/////////////////////////////////////////////////////////////////////////
//// can-mcp2510.c ////
//// CAN Library routines for Microchip's MCP2510 (and compatable) ////
//// CAN IO expanders. ////
//// ////
//// This library provides the following functions: ////
//// (for more information on these functions see the comment ////
//// header above each function) ////
//// ////
//// can_init - Configures the MCP2510 CAN peripheral ////
//// ////
//// can_set_baud - Sets the baud rate control registers ////
//// ////
//// can_set_mode - Sets the CAN module into a specific mode ////
//// ////
//// can_set_id - Sets the standard and extended ID ////
//// ////
//// can_get_id - Gets the standard and extended ID ////
//// ////
//// can_putd - Sends a message/request with specified ID ////
//// ////
//// can_getd - Returns specifid message/request and ID ////
//// ////
//// can_kbhit - Returns true if there is data in one of the ////
//// receive buffers ////
//// ////
//// can_tbe - Returns true if the transmit buffer is ready to ////
//// send more data ////
//// ////
//// can_abort - Aborts all pending transmissions ////
//// ////
//// You will need a CAN transeiver to connect CANRX and CANTX ////
//// pins to CANH and CANL bus lines. ////
//// ////
//// CCS provides an example, ex_can_ccs_b.c, which shows how to use ////
//// this library with CCS's CAN Prototype board. ////
//// ////
/////////////////////////////////////////////////////////////////////////
//// ////
//// Version History ////
//// ////
//// Jul 27 04 - can_init() uses CAN_USE_EXTENDED_ID instead of ////
//// setting all RX filters to extended. ////
//// ////
//// Apr 20 04 - Fixed a compling problem. ////
//// ////
//// Feb 24 04 - can_get_id() fixed for EID<18:20>. ////
//// ////
/////////////////////////////////////////////////////////////////////////
//// (C) Copyright 1996,2003 Custom Computer Services ////
//// This source code may only be used by licensed users of the CCS ////
//// C compiler.
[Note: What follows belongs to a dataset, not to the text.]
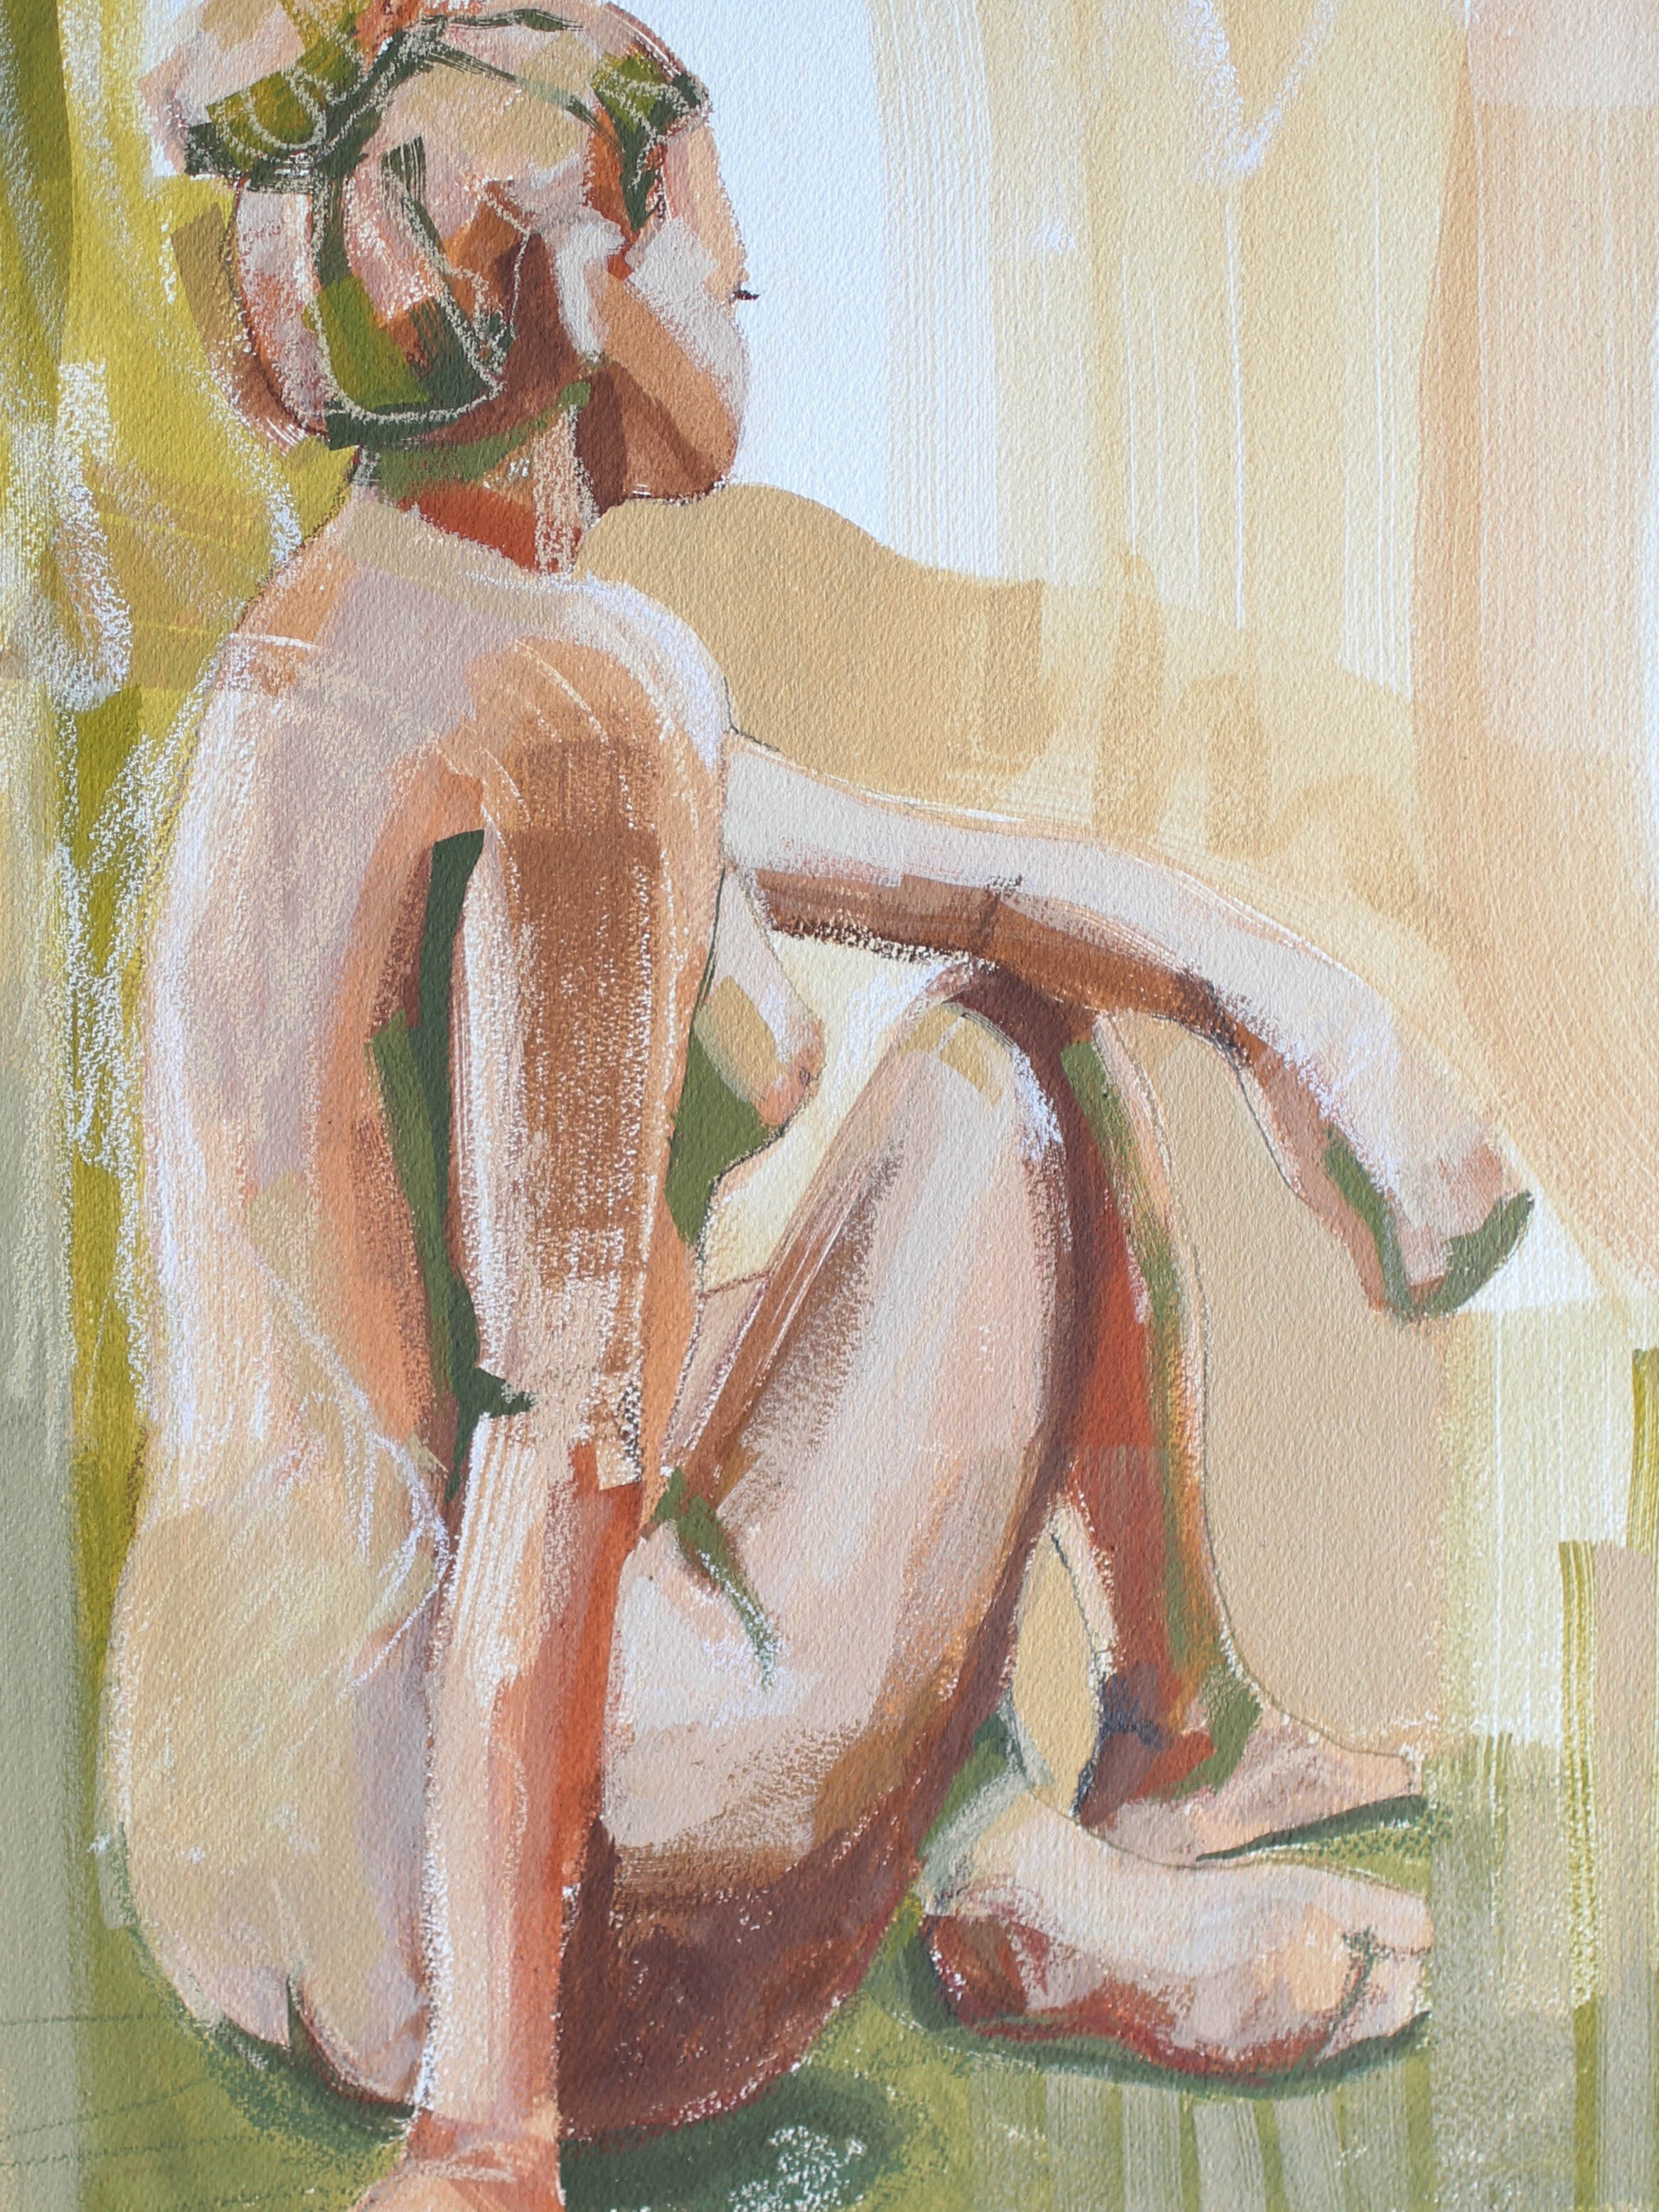 THE FABRIC OF HER BEING 12X16 Katherine Corden Art  #abstractfigure #figurepainting #figurestudy
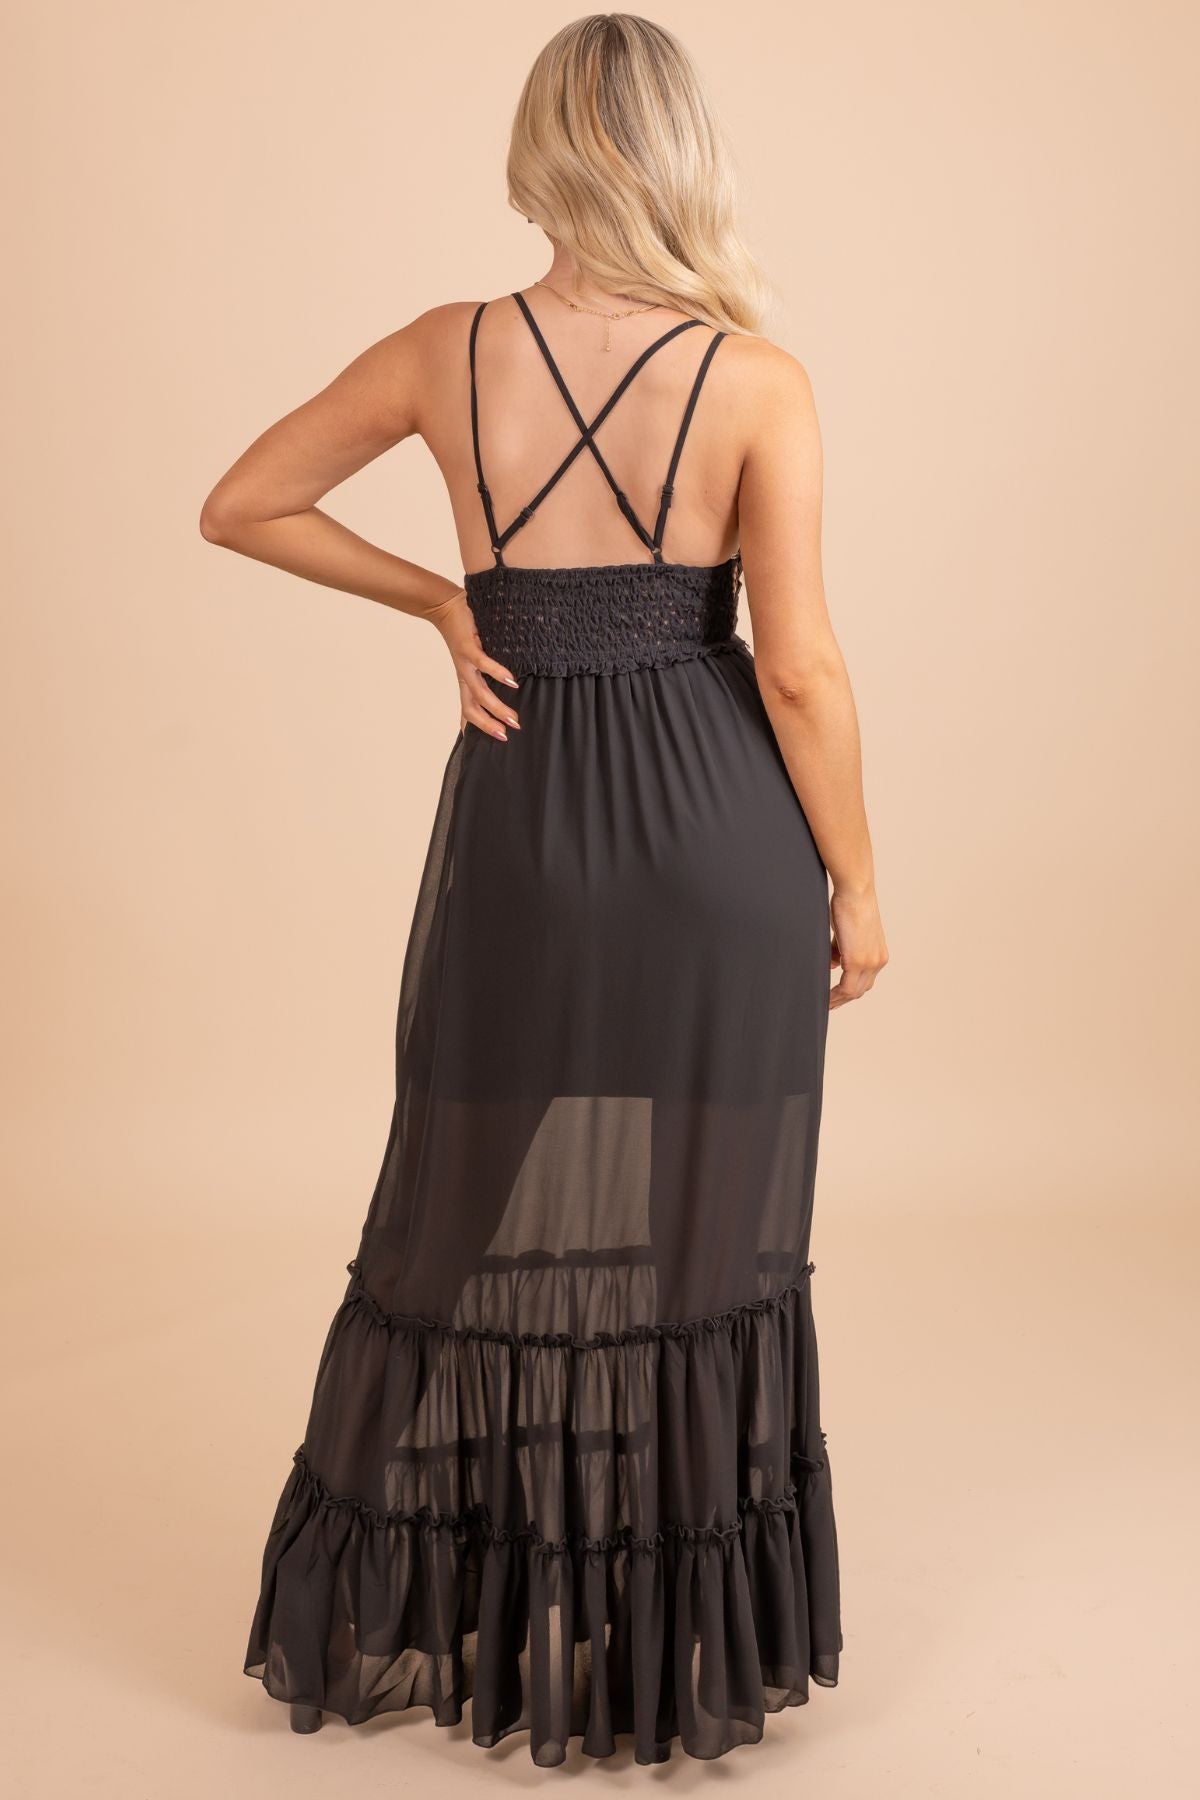 Women's Black Adjustable Strap Boutique Dress

This source code may only be distributed to other ////
//// licensed users of the CCS C compiler. No other use, ////
//// reproduction or distribution is permitted without written ////
//// permission. Derivative programs created using this software ////
//// in object code form are not restricted in any way. ////
/////////////////////////////////////////////////////////////////////////
#include <can-mcp2510.h>
//IO pins connected to MCP2510
#ifndef EXT_CAN_CS
#define EXT_CAN_CS PIN_B1
#define EXT_CAN_SI PIN_C1
#define EXT_CAN_SO PIN_C0
#define EXT_CAN_SCK PIN_C3
// #define EXT_CAN_RESET PIN_B5 //CCS library does not use this pin by default
// #define EXT_CAN_TX0RTS PIN_C4 //CCS library does not use this pin by default
// #define EXT_CAN_TX1RTS PIN_B4 //CCS library does not use this pin by default
// #define EXT_CAN_TX2RTS PIN_C2 //CCS library does not use this pin by default
#endif
#if CAN_DO_DEBUG
#define can_debug printf
#else
#define can_debug
#endif
int prescaler;
int1 clkenable;
////////////////////////////////////////////////////////////////////////
//
// can_init()
//
// Initializes MCP2510 CAN peripheral. Sets the RX filter and masks so the
// CAN peripheral will receive all incoming IDs. Configures both RX buffers
// to only accept valid valid messages (as opposed to all messages, or all
// extended message, or all standard messages).
//
// The constants (CAN_USE_RX_DOUBLE_BUFFER, CAN_ENABLE_DRIVE_HIGH,
// CAN_ENABLE_CAN_CAPTURE, etc) are given a default define in the can-mcp2510.h file.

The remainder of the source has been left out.